Fun With Markov

As I was reading a block of consultant-speak produced by my employer, I found myself thinking how amusing it would be to combine the pretentious, inscrutable MBA-speak style one reads in analyst reports and New Economy jerk-off mags, with content that is jarringly different, such as the Bible, erotic fiction, or Dr. Seuss.
To explore this idea further, I turned to Markov text generation. Using Markov models to synthesize almost-legible texts which eerily preserve the tone and style of a given input text is a well-established technique; I simply want to experiment with it a bit.
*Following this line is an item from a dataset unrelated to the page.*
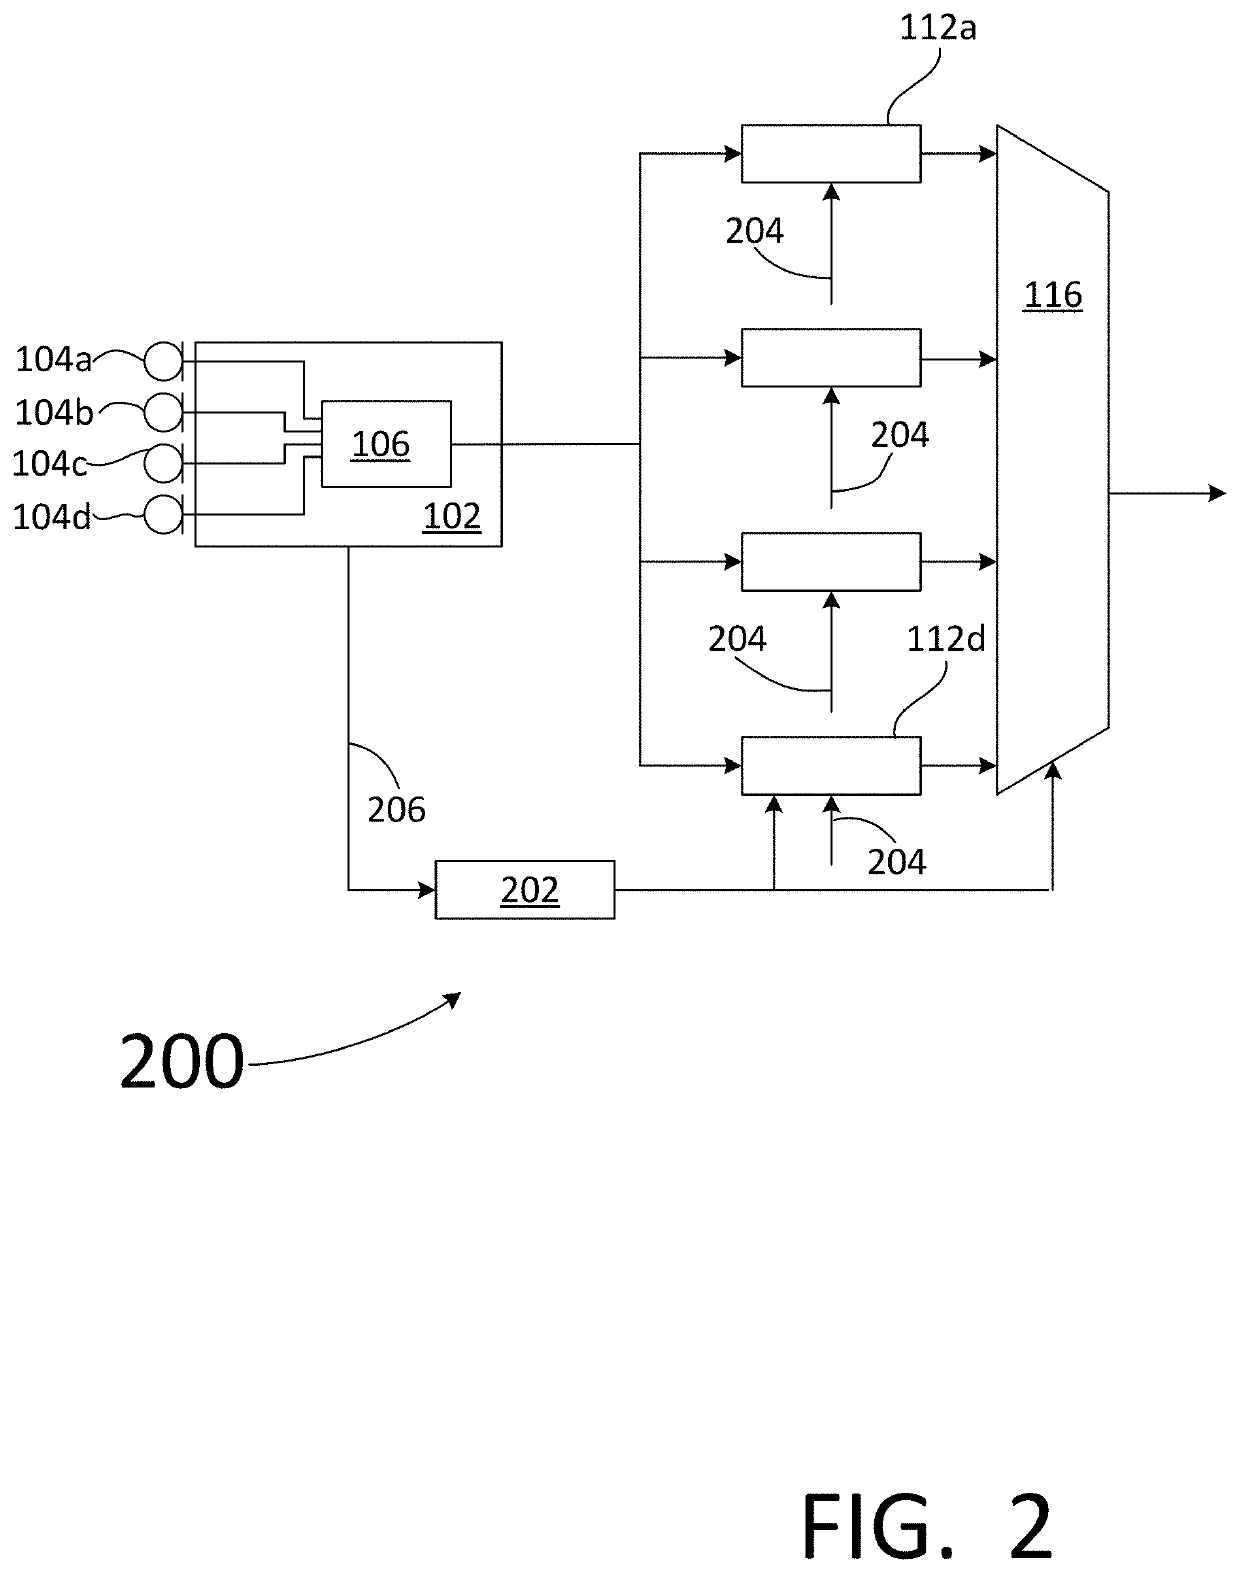 Adaptive beamforming microphone metadata transmission to coordinate acoustic echo cancellation in an audio conferencing sytem

A google search for ‘markov text’ yields all the relevant background.
In particular, I’m interesting in combining multiple texts to produce a synthesis of their styles. Alice in Wonderland and Revelations has already been done, with semi-comical results, but I wonder if there isn’t more to be done.
Here are some notes I took whilst at the office reflecting on this subject:
Experiment with:

  • Providing a corpus of text containing baseline verbiage. The probabilities from this text would be subtracted from the sample text probabilities, so the distinguishing words and phrases of the sample text are exposed.
  • Web-based tool w/ URL and text area text sources
  • Combine multiple sources, and assign weights to each source to boost the probability of words/phrases from one source over the other.
  • Find some way to combine texts in an interesting way, such as Dr. Seuss’ novel structure w/ analyst whitepapers’ inscrutable MBA-speak.
  • Markov text from logged IM conversations, recreating the IM style of both participants. Markov text from IRC transcripts
  • Implementation that detected headers from body text and applies separate text generation logic to both
  • Amazon Top 100 list title and author names re-generated with markov text. Perhaps reviews as well.
  • Blog post generator; given an RSS feed URL, use markov text to generate another post. Perhaps include mix-ins from other blogs.
  • Markov text from spam/phishing scams

Update:
I’ve refined my thinking on this subject. I think Markov text generation would benefit from more intelligence and more amusing combinations of literary styles if it included information about parts of speech. For example, knowing the the word ‘ham’ comes after ‘green eggs and’ with a high probability is useful, but knowing that ‘ham’ is a noun makes it more likely that other nouns can be substituted for ‘ham’ without impacting the readability of the resulting text.
This matters to me because I want to be able to combine some aspects of one corpus (perhaps sentence structure or compositional style) with other aspects of another corpus (vocabulary specifically), to combine the two. By encoding part-of-speech information, the distintive vocabulary words from one corpus can be overlaid atop the compositional style of another corpus, to generate phrases like ‘green eggs and optionality’ or ‘And God sent down a foglifter from heaven’, etc.
The Moby project has an extensive database of English words encoded by part of speech, and a Baysian predictor could be used to guess the part of speech of unknown words based on context. Perhaps additional rules could infer speech part based on prefixes or suffixes, which is particularly important in a language like English, where nouns can become verbs so easily. Of course, irregular verbs make this more difficult than it needs to be.
Once this information is captured, the distintive characteristics of particular documents could be identified by comparing them w/ a large corpus of ‘plain’ writing. Unique words, phrases, and structures would emerge if the traits of the baseline corpus were subtracted, leaving only the differential elements.
By quantitatively identifing what distinguishes Dr. Seuss from a New York Times article (apart from the superior cogent, unbiased depth and breadth of Seuss), it should be possible to introduce Seussian elements into a New York Times article (thereby making it better).
Another update:
Apparently part of what I’m trying to do (ascertain the part of speech a word belongs to) is a problem well known to computational linguistics. In CL, algorithms that determine the part of speech of a token are called taggers, as discussed in Tagging the Teleman Corpus. Apparently there are a number of approaches, including a variation of the Hidden Markov Model I was proposing, Bayesian classification, statistical approaches, and neural networks.
Typically when the academecians put themselves to a problem it becomes inaccessible to the laypeople. This is probably no exception, but maybe I’ll be able to extract a few nuggets of wisdom I can use.